Chaque mot de Léonce ajoutait à mon estime, à mon admiration pour lui: sa manière de parler étoit concise, mais énergique; et quand il se servoit même d'expressions pleines de force et d'éloquence, on croyoit entrevoir qu'il ne disoit qu'à demi sa pensée, et que dans le fond de son coeur restoient encore des richesses de sentiment et de passion qu'il se refusoit à prodiguer. Avec quelle promptitude il m'entendoit! avec quel intérêt il daignoit m'écouter! Non, je ne me fais pas l'idée d'une plus douce situation, la pensée excitée par les mouvemens de l'âme, les succès de l'amour-propre changés en jouissances du coeur, oh! quels heureux momens! et la vie en seroit dépouillée!

Je m'aperçus cependant que Matilde, par ses gestes et sa physionomie, témoignoit assez d'humeur. Madame de Vernon, qui se plaît ordinairement à causer avec moi, parloit à son voisin sans avoir l'air de s'intéresser à notre conversation; enfin elle prit le bras de madame du Marset, et lui dit assez haut pour que je l'entendisse:—Ne voulez-vous pas jouer, madame? ce qu'on dit est trop beau pour nous.—Je rougis extrêmement à ces mots, je me levai pour déclarer que je voulois être aussi de la partie; Léonce m'en fit des reproches par ses regards. M. Barton vint vers moi, et me dit avec une bienveillance qui me toucha:—Je croirois presque vous avoir entendue pour la première fois aujourd'hui, madame; jamais le charme de votre conversation ne m'avoit tant frappé.—Ah! qu'il m'étoit doux d'être louée en présence de Léonce! Il soupira, et s'appuya sur la chaise que je venois de quitter. M. Barton lui dit à demi-voix:—Ne voulez-vous pas vous approcher de mademoiselle de Vernon?—De grâce, laissez-moi ici, répondit Léonce.—Ces mots, je les ai entendus, Louise, et leur accent surtout ne peut être oublié.

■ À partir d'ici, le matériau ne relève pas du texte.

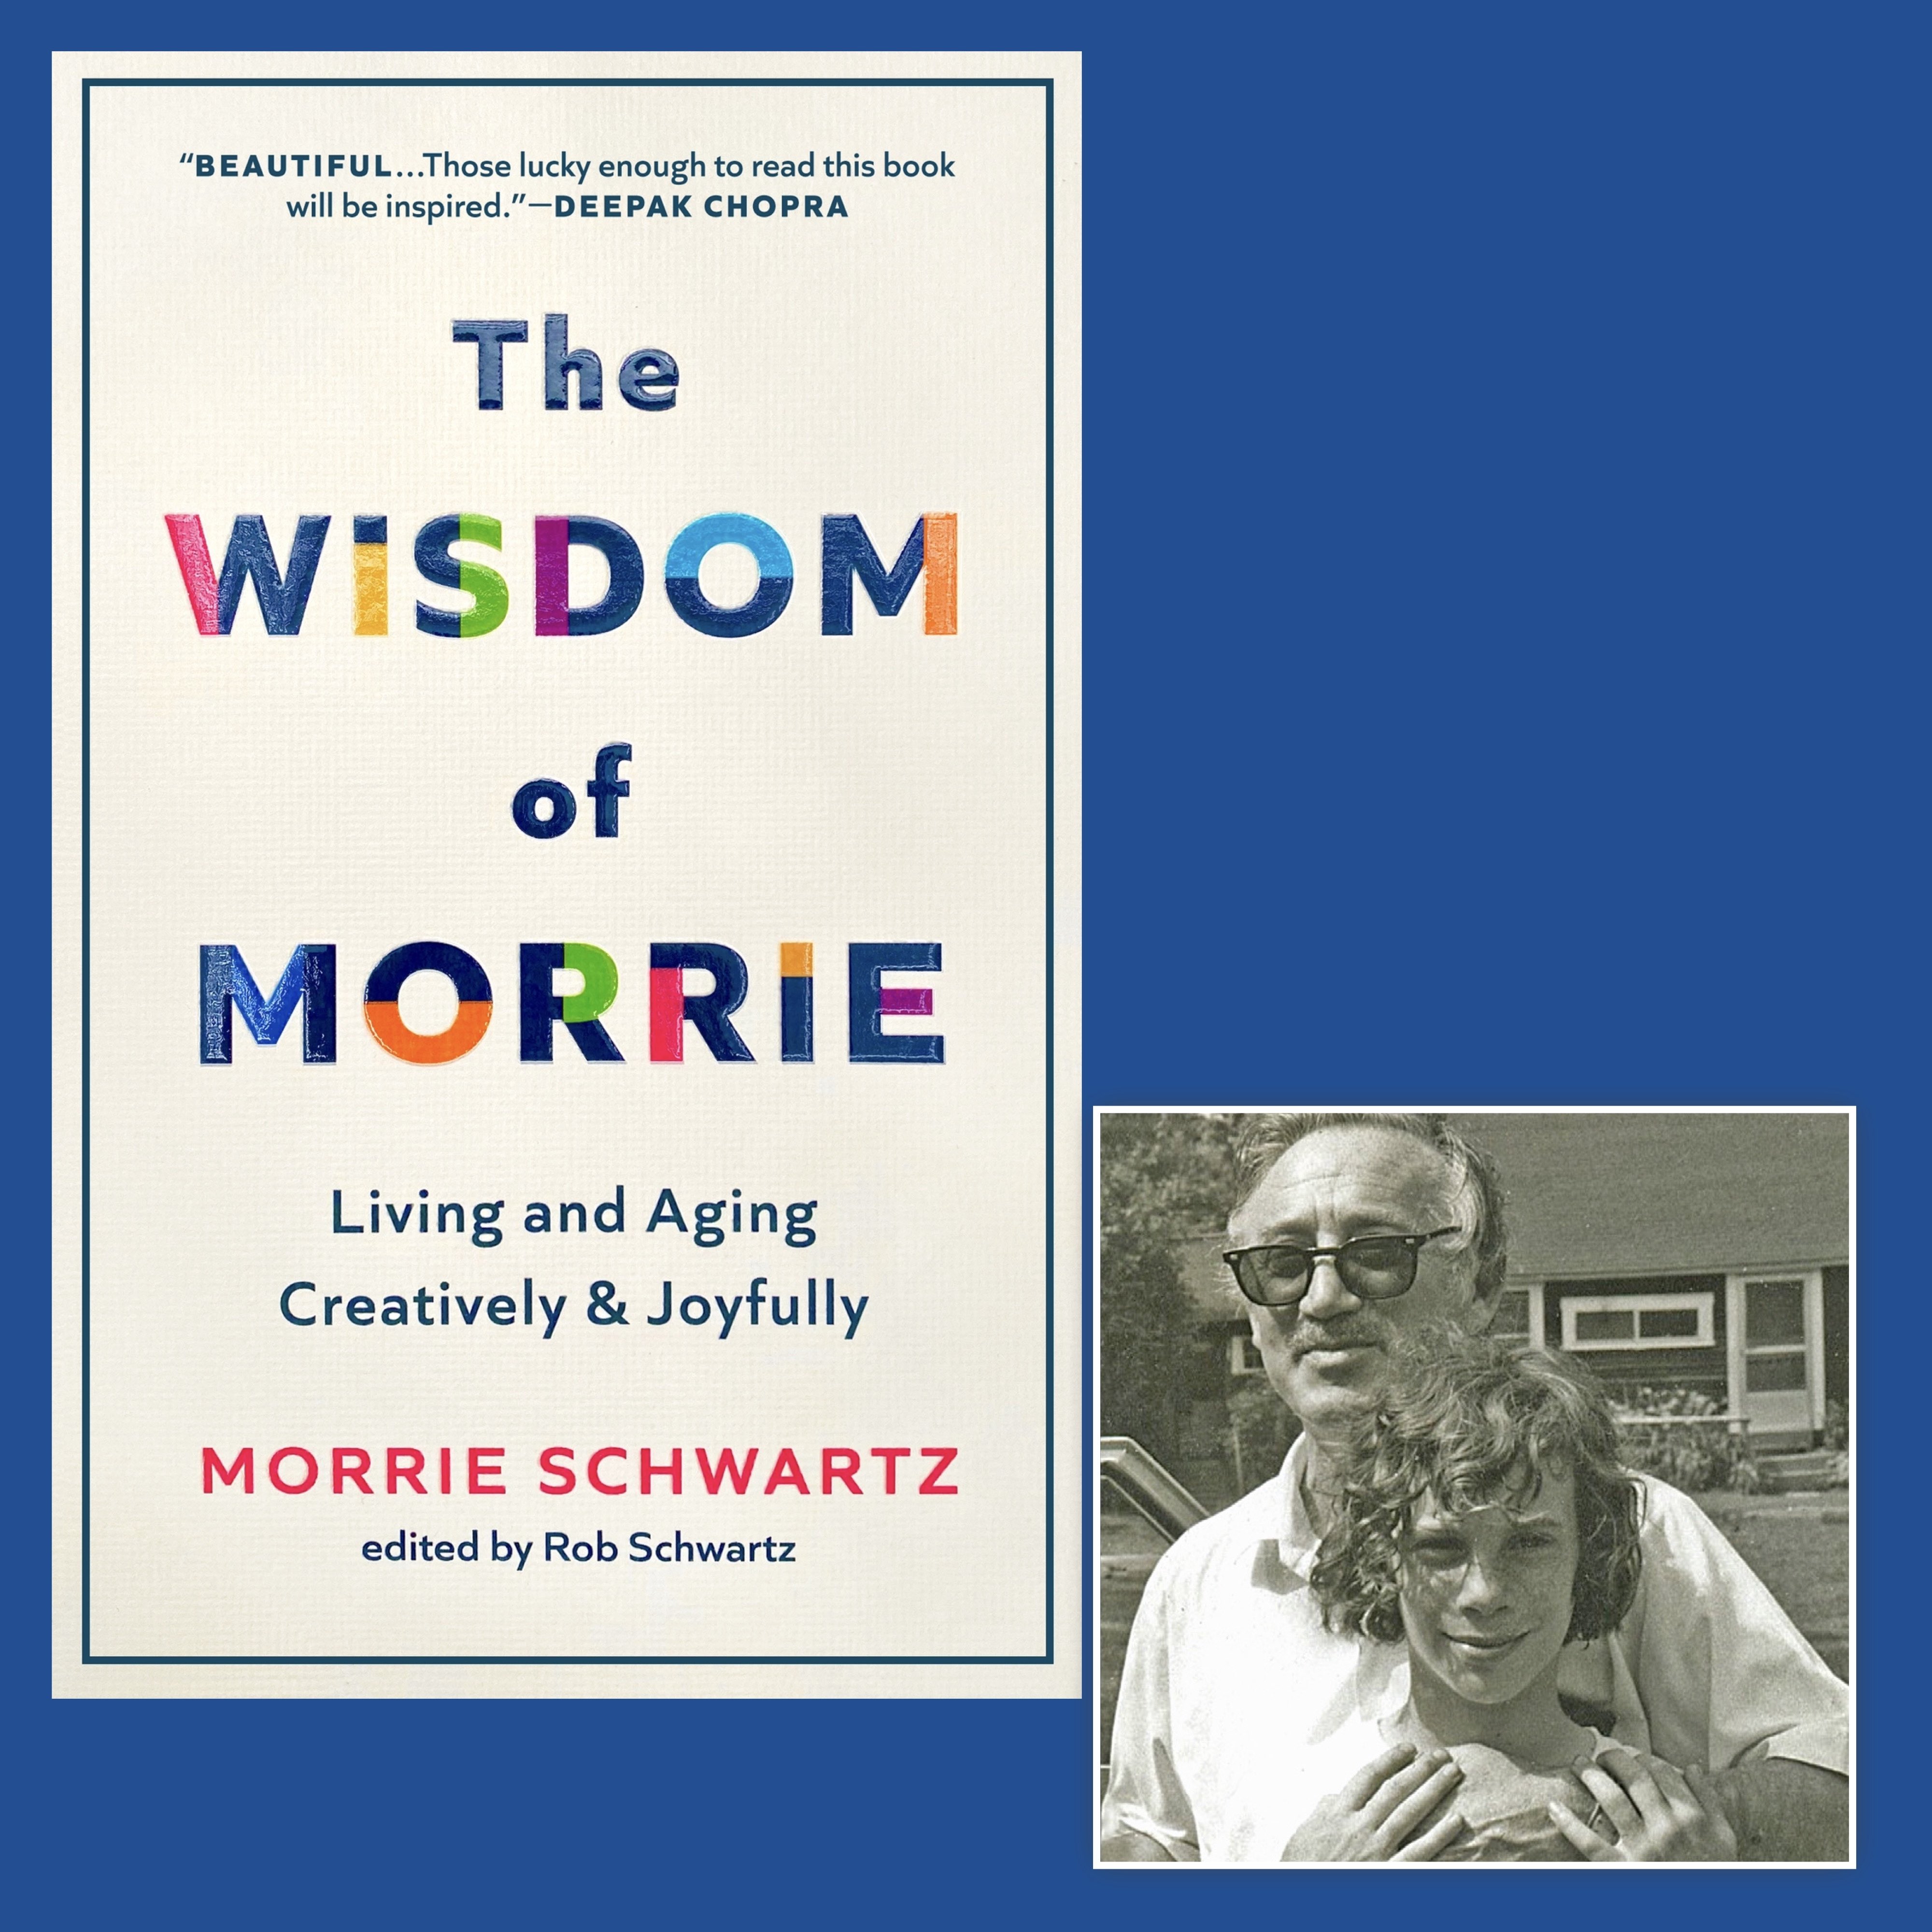 Join us for a Live Author Book Talk and Signing on Thurs July 20th at 6pm about "The Wisdom of Morrie" at Zibby's Bookshop Santa Monica with Son/Editor Rob Schwartz and LA Times Journalist P.K. Daniel

Quand la partie fut arrangée, Léonce, resté presque seul avec Matilde, vint lui parler; mais la conversation me parut froide et embarrassée. Je ne savois ce que je faisois au jeu: madame du Marset en prenoit beaucoup d'humeur: madame de Vernon excusoit mes fautes avec une bonté charmante: sa grâce fut parfaite pendant cette partie, et j'en fus si touchée, que je ne me rapprochai plus de Léonce; il me sembloit que la douceur de madame de Vernon l'exigeoit de moi. Elle voulut me retenir pour causer seule avec elle; je m'y refusai; je ne veux pas lui cacher ce que j'éprouve: qu'elle le devine, j'y consens, je le souhaite peut-être; mais je ne puis me résoudre à lui en parler la première. Ne seroit-ce pas indiquer le sacrifice que je désire? Je m'en sentirois plus à l'aise avec elle, si c'étoit moi qui lui dusse de la reconnoissance; alors je lui avouerois ma folie, je m'en remettrois à sa générosité; mais ce que je crains avant tout, c'est d'abuser un instant du service que j'ai pu lui rendre.

Ma soeur, consultez votre délicatesse naturelle, non votre injuste prévention contre madame de Vernon, et dites-moi ce que je devrois faire, s'il m'aimoit, s'il se croyoit libre. Hélas! ce conseil sera peut-être bien inutile; peut-être redoute-je des combats qu'il m'épargnera!